You're right, I just compared the author list to the news article and not to the paper. Sorry, took me a bit to absorb that one.

Yeah, it's an interesting paper. They're specifically trying a different method of extracting text.

I'm not taking the position that the text isn't in the model, or that it isn't possible to make the model repeat some of that text. We know 100% that the text that they're looking for is part of the training set. They mention that fact themselves in the paper and also choose books that are public domain and so guaranteed to be in the training set.

My contention was with the idea that you can just sit down at a model and give it a prompt to make it recite an entire book. That is simply not true outside of models that have been manipulated to do so (by training them on the book text for several hundred epochs, for example).

The purpose of the work here was to demonstrate a way to prove that a specific given text is part of a training set (which useful for identifying any potential copyright issues in the future, for example). It is being offered as proof that you can just prompt a model and receive a book when it actually proves the opposite of that.

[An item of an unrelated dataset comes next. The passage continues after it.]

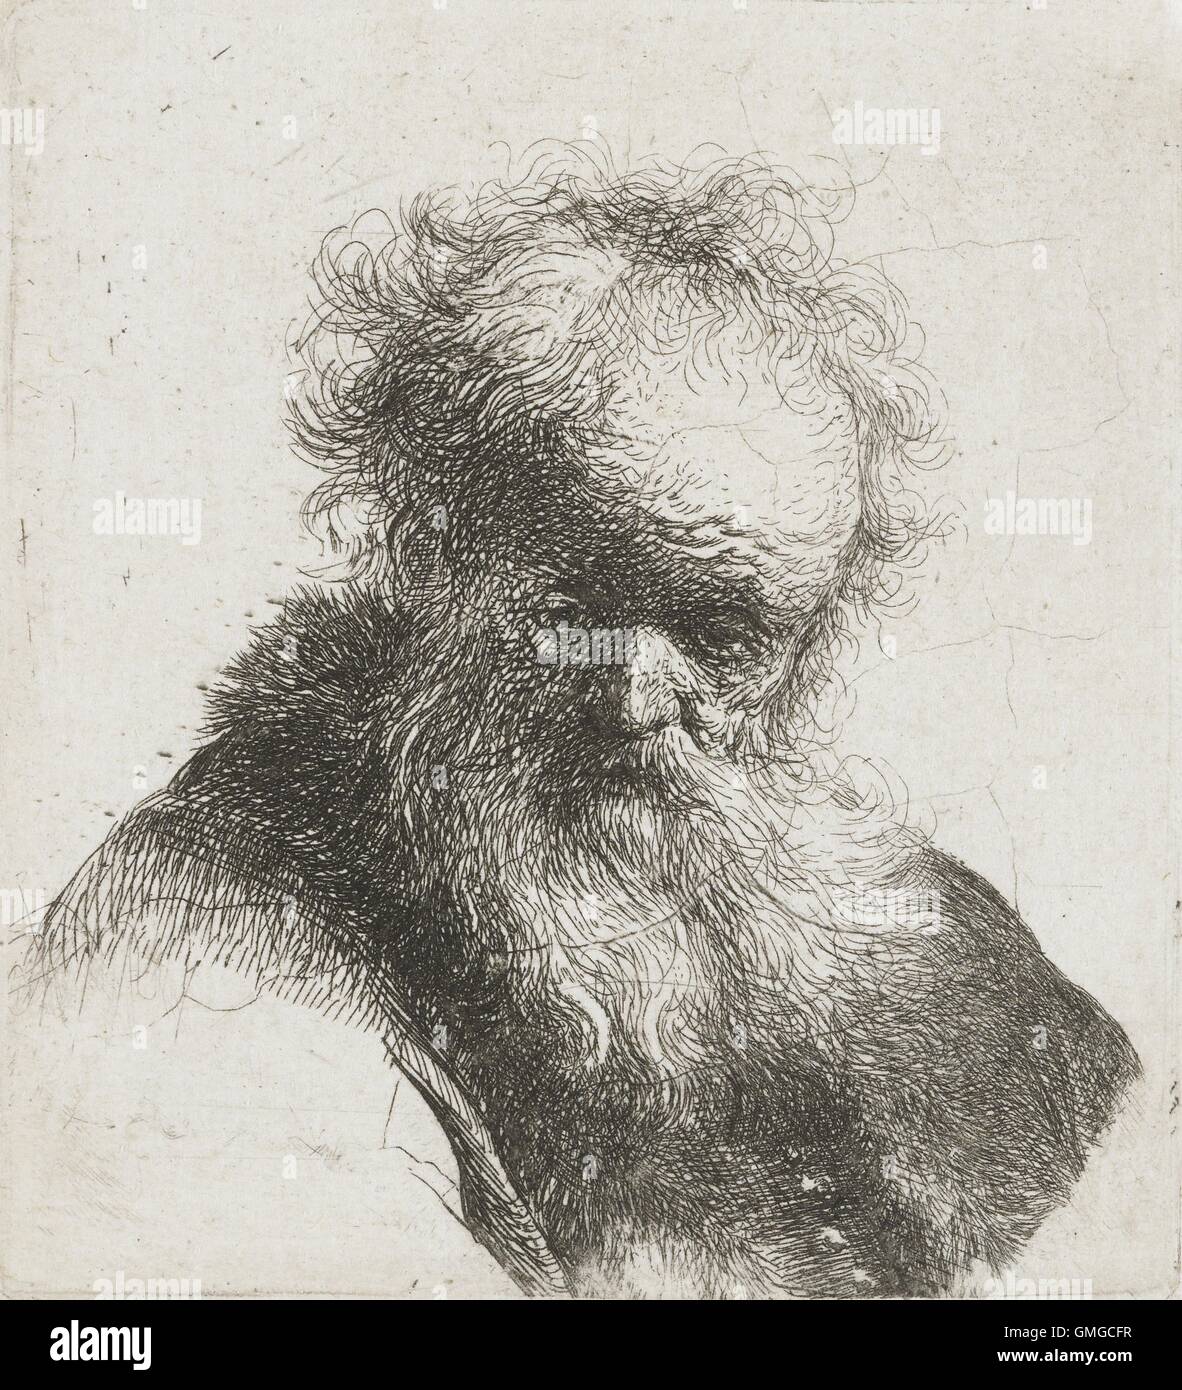 Uomo vecchio con barba lunga e camicia bianca manicotto, da Rembrandt van Rijn, 1630-34, stampa olandese, incisione su carta (BSLOC 2016 3 28) Foto Stock

Their process was to, in phase 1, prompt with short sequences (I think they used 50 tokens like the 'standard' experiments, I don't have it in front of me) and then, if the model returned a sequence that matched the ground truth then they would give it a prompt to continue until it refused to continue. They would then 'score' the response by looking for sections in the response where it matched the written text and measuring the length of text which matched (a bit more complex than that, but the details are in the text)

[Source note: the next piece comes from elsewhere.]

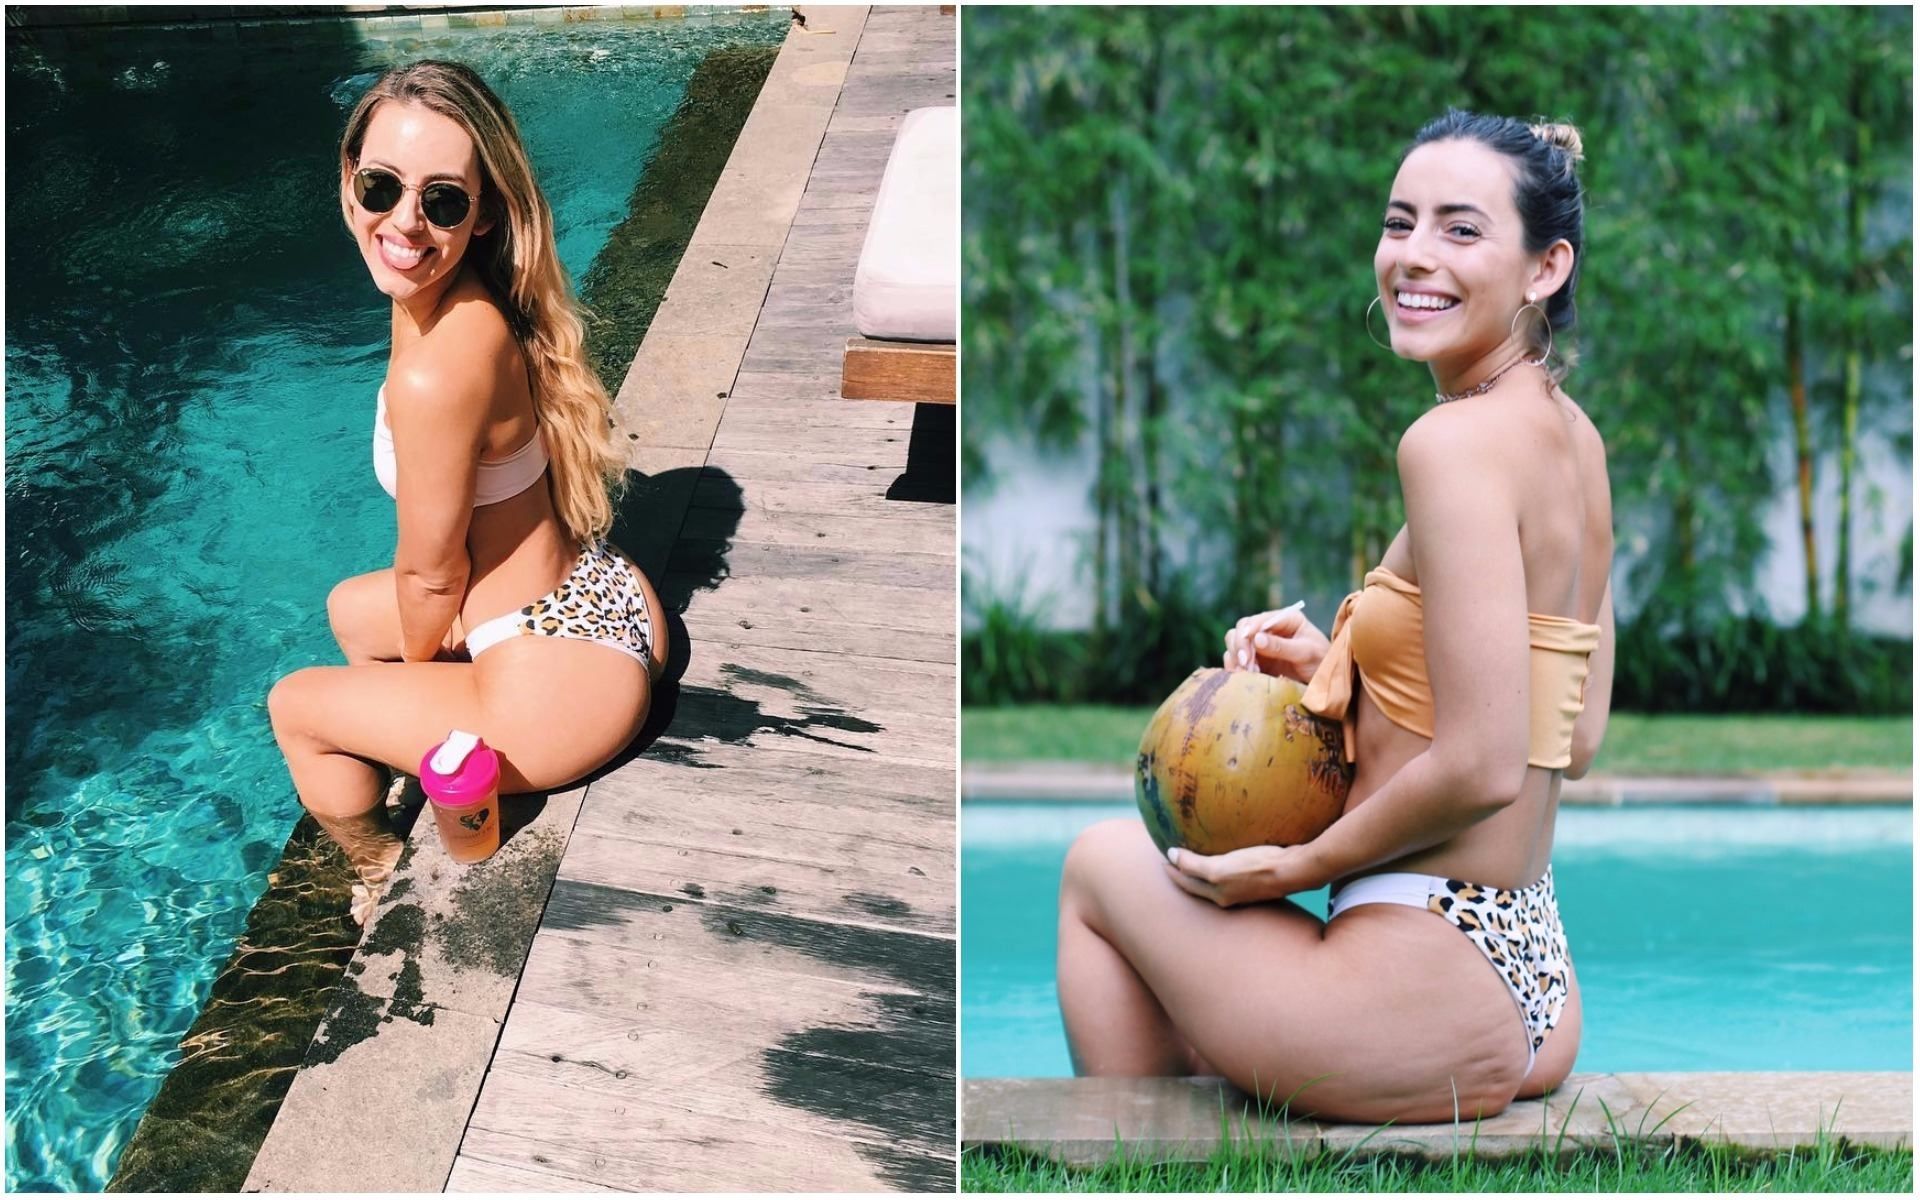 Как нас обманывают в Instagram: фитнес-модель честно показала свой целлюлит на ягодицах

In order to test a sequence they needed 52 prompts telling the model to continue, in the best case, to get to the end/a refusal.

The paper actually gives a higher score than ~40%. For The Great Gatsby, a book which is public domain and considered a classic, they achieved a score of 97.5%. I can't say how many prompts this took but it would more than 52. The paper doesn't include all of the data.

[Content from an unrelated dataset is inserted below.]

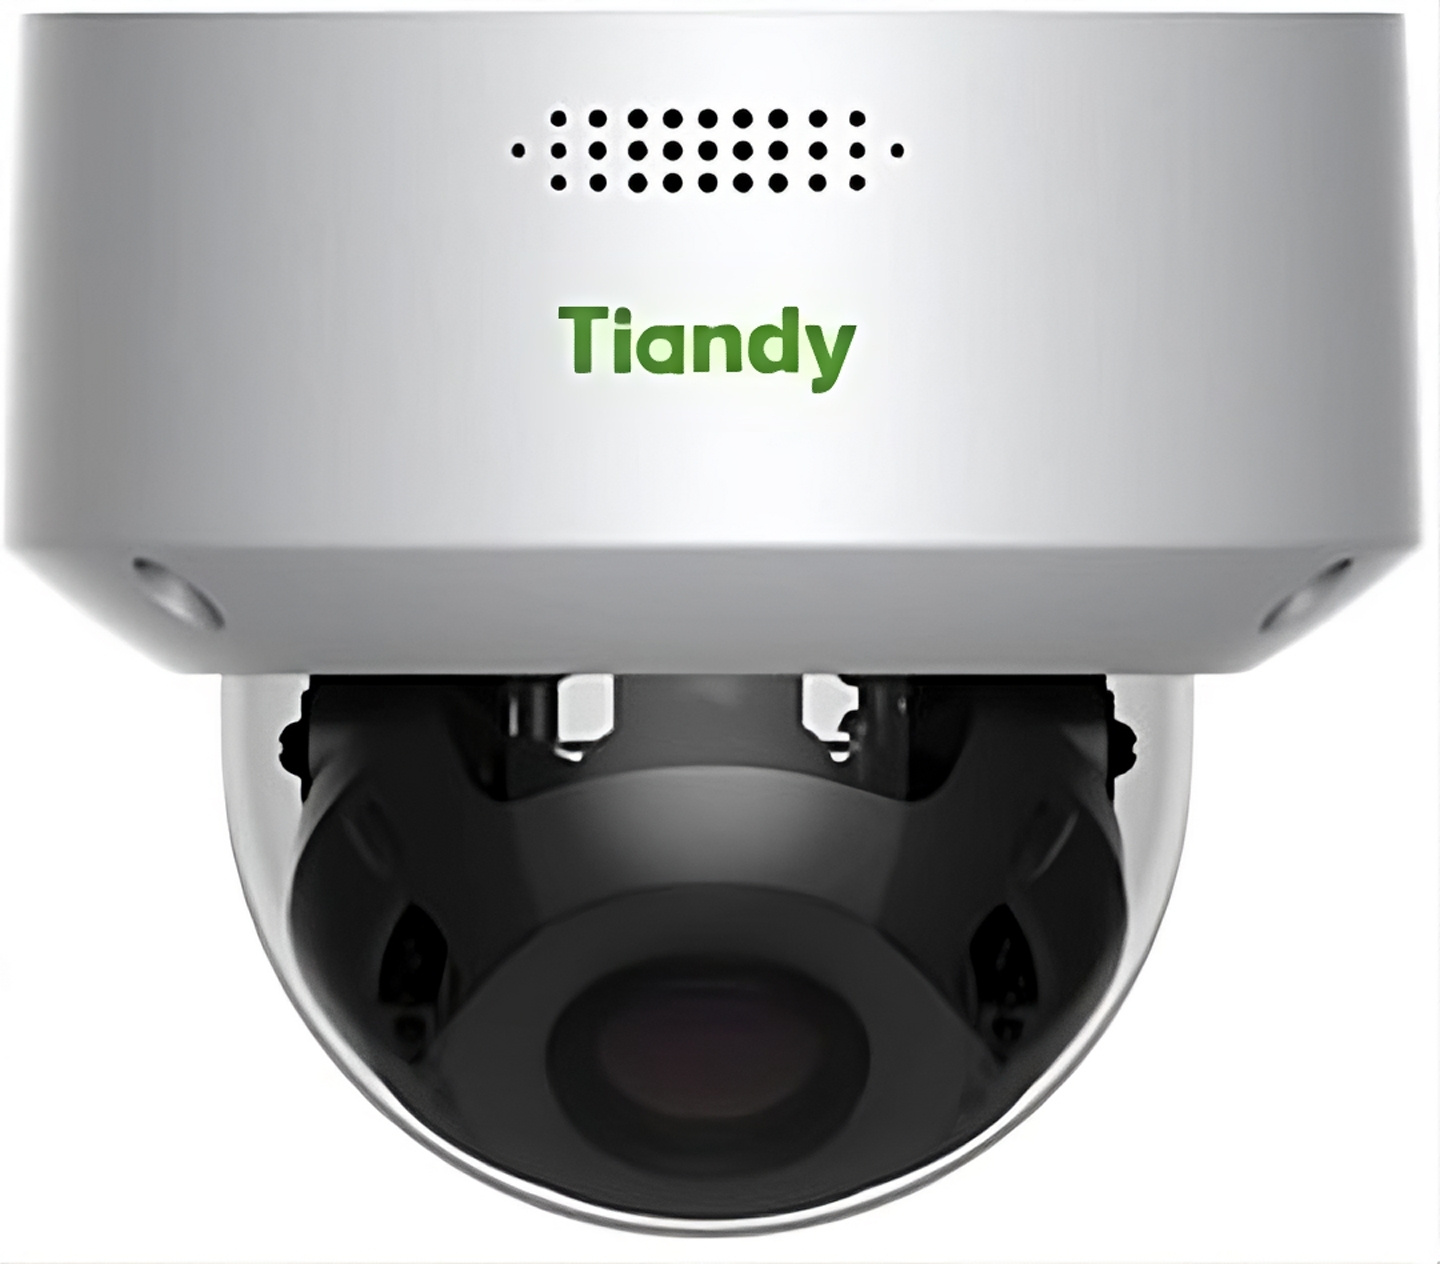 Камера видеонаблюдения IP Tiandy TC-C35MS I5/A/E/Y/M/H/2.7-13.5mm/V4.0 2.7-13.5мм цв. корп.:белый (TC-C35MS I5/A/E/Y/M/H/V4.0)

Yes, you can extract a significant portion of text of items that are in the training set with enough time and money (it cost $134 to extract The Hobbit, for example). You can also get the model to repeat short sentences from text a high percentage of the time with a single prompt.

However, the response was to a comment that suggested that these two things were both combined and that you could use a single magical prompt to extract an entire book.

Yet most AI models can recite entire Harry Potter books if prompted the right way, so that’s all bullshit.

The core of the issue, about copyright, is that a work has to be 'highly transformative'. Language models transform a book in such complex ways that you have to take tens of thousands or hundreds of thousands of samples from the, (I don't know the technical term) internal representational space of the model, in order to have a chance of recovering a portion of a book.